Griffin's book is written as a series of journal entries detailing his experiences as a black man in the South. Much of this details things that are textbook segregation: not being able to eat at white restaurants, not being allowed to drink from white water fountains, and not even being allowed to use white restrooms. What raises this above mere textbook knowledge is the immediacy of the narrative. Reading the book, you get a real sense of the indignity of having to walk for more than a mile just to go the bathroom, of not being given a drink of water on a scorching hot day, and of being subjected to what Griffin calls "the hate stare."

Beyond the obvious racism and racist attitudes, there were a few things revealed in the book that I found disturbing. One is that, in the afterword, Griffin notes that once the Civil Rights Act was passed, a number of white Civil Rights advocates felt that the work was finished. Blacks were guaranteed the right to vote, segregation was over, and things were looking up, What else was needed? Further demands by blacks for advancement and opportunity were met with incredulity and anger.
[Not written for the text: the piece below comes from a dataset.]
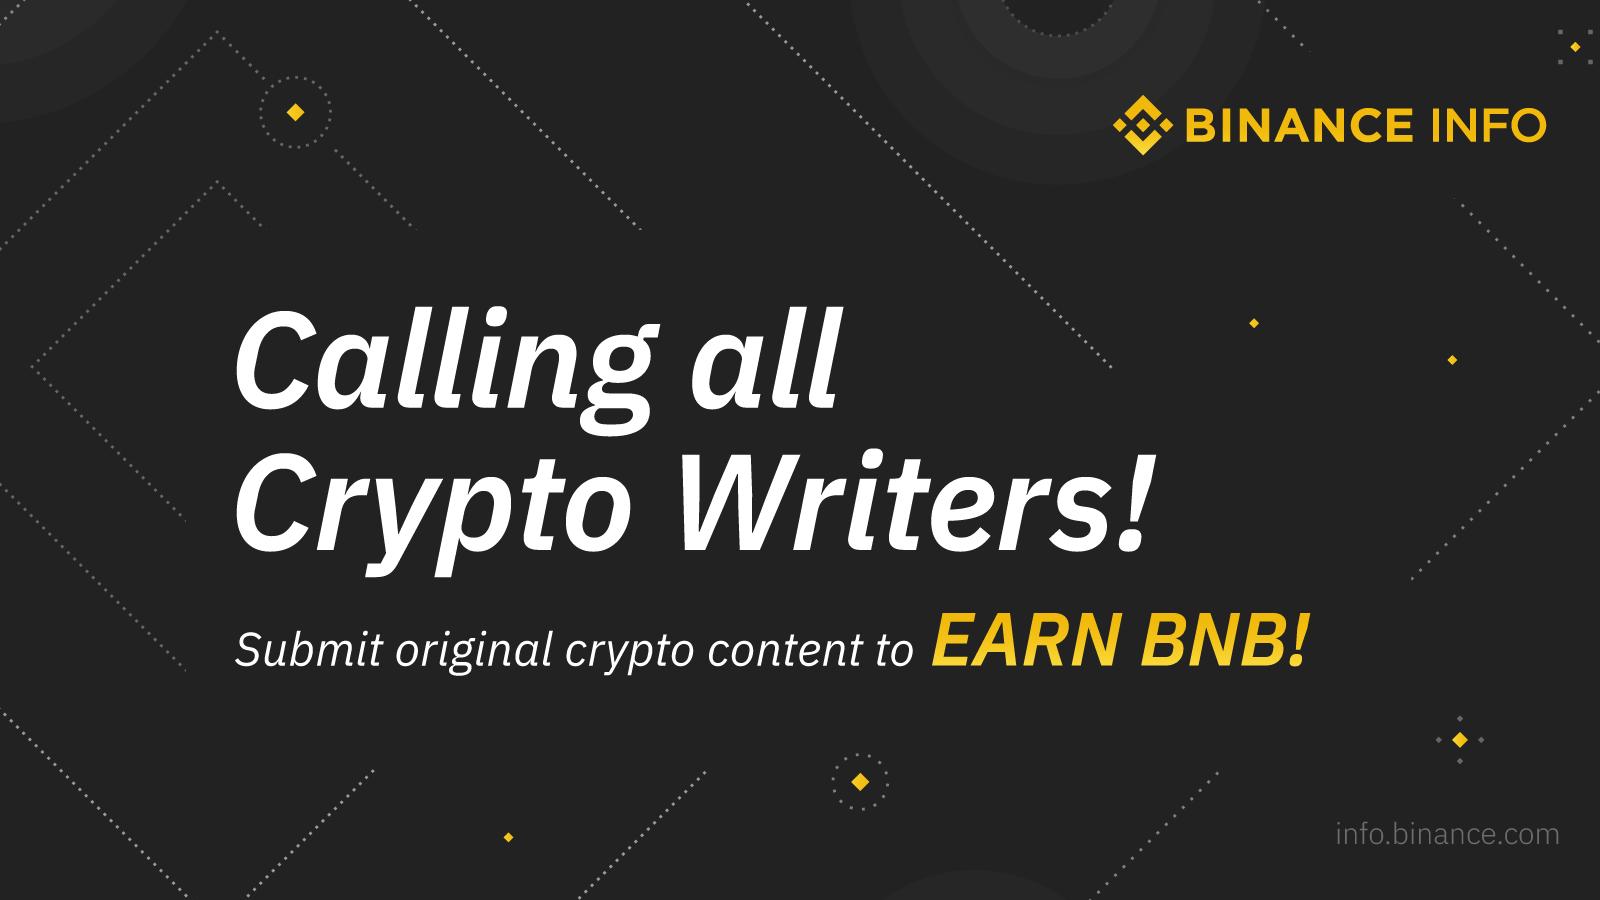 Binance Info Bounty Program: Earn BNB for Original Crypto Content

Right now there is a lawsuit headed to the U.S. Supreme Court, calling for a repeal of the Voting Rights Act of 1965, which ensured that states that had practiced segregation and jim crow justice would need to receive approval from the U.S. Department of Justice before they made any change to their voting laws. The argument is that, with a black president now elected to a second term, surely we have put this sordid chapter of our past behind us.
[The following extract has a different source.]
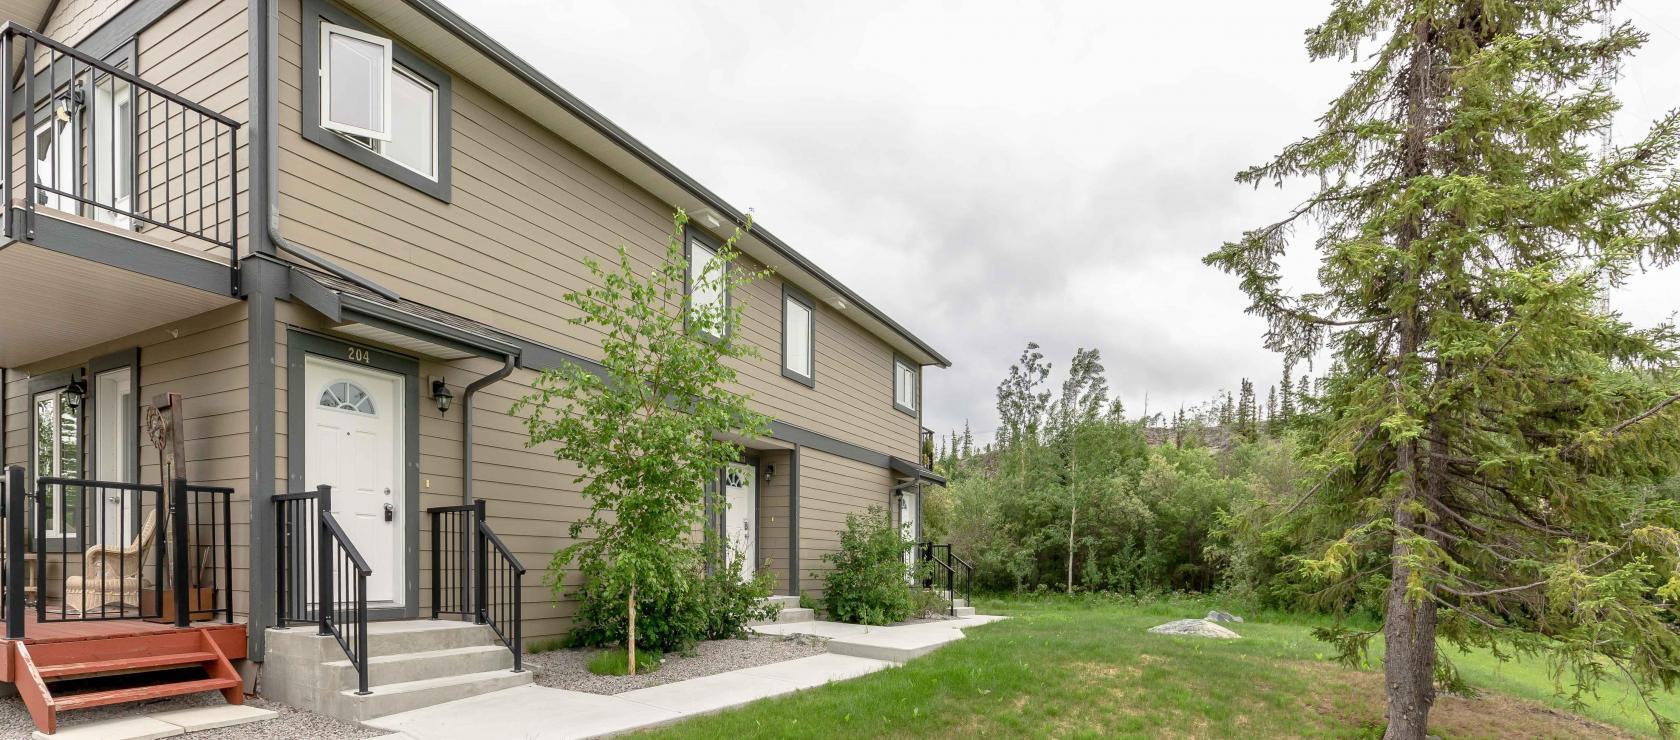 103 - 4852 School Draw Avenue, Yellowknife 2

At the same time, a number of state legislatures have tried to pass voter ID laws in a sometimes brazen attempt to give Mitt Romney the upperhand in the election; and other states have gerrymandered their voting districts so that a Democratic-leaning state consistently elects Republican representatives. (Stop and think about the racial implications of this.)

Have we really come as far as we think we have? The white majority thought we were fine in the 1950s, thought we were fine in the 1960s and thinks we're fine now. I'd suggest that the white majority doesn't really know what it's like for the black minority, and should find out from the people who do know.

Secondly, Griffin had some illuminating thoughts on black achievement and the attitudes Southern whites had on that subject. As he traveled the South, Griffin noted the substandard living conditions many black families had, and noted that many whites attributed this to the overall shiftlesness of black culture, and the lack of desire on the part of blacks to get ahead and achieve for themselves.

At the same time, blacks routinely were being denied economic opportunities, funding for their schools was low, and their overall access to culture in the form of theater, concerts, and even libraries was minimal. And why should the wealth be taken from hard-working whites, and given to people who haven't worked for it?

It's not much of a stretch to see some disturbing parallels between those attitudes from the late 1950s and views recently expressed in the contemporary political dialogue about the 46 percent, and about people who benefit from safety net programs like Medicare, Social Security, and unemployment.

In the past 25 years, we've seen the wealth of our nation aggregate into the hands of an increasingly small group of people. Right now public schools and teachers are under tremendous fire, and the Republican Party has made a lot of noise about freeloaders trying to live off the hard work of others.

Have we really come as far as we think we have?

Right now we're at a crossroads in American education, where our standards are being adjusted to stress nonfiction reading, to "improve work-readiness" and to make us "more competitive in the global job market" and a lot of other things like that. There are a lot of books that are being cut from the national standards that shouldn't be, like "To Kill a Mockingbird." This is another book that should be part of our national curriculum, because it should be a part of our national conversation.

We have made some progress since the 1950s in terms of race, but we still have more to go. As we make that progress, "Black Like Me" should be a part of our discussion.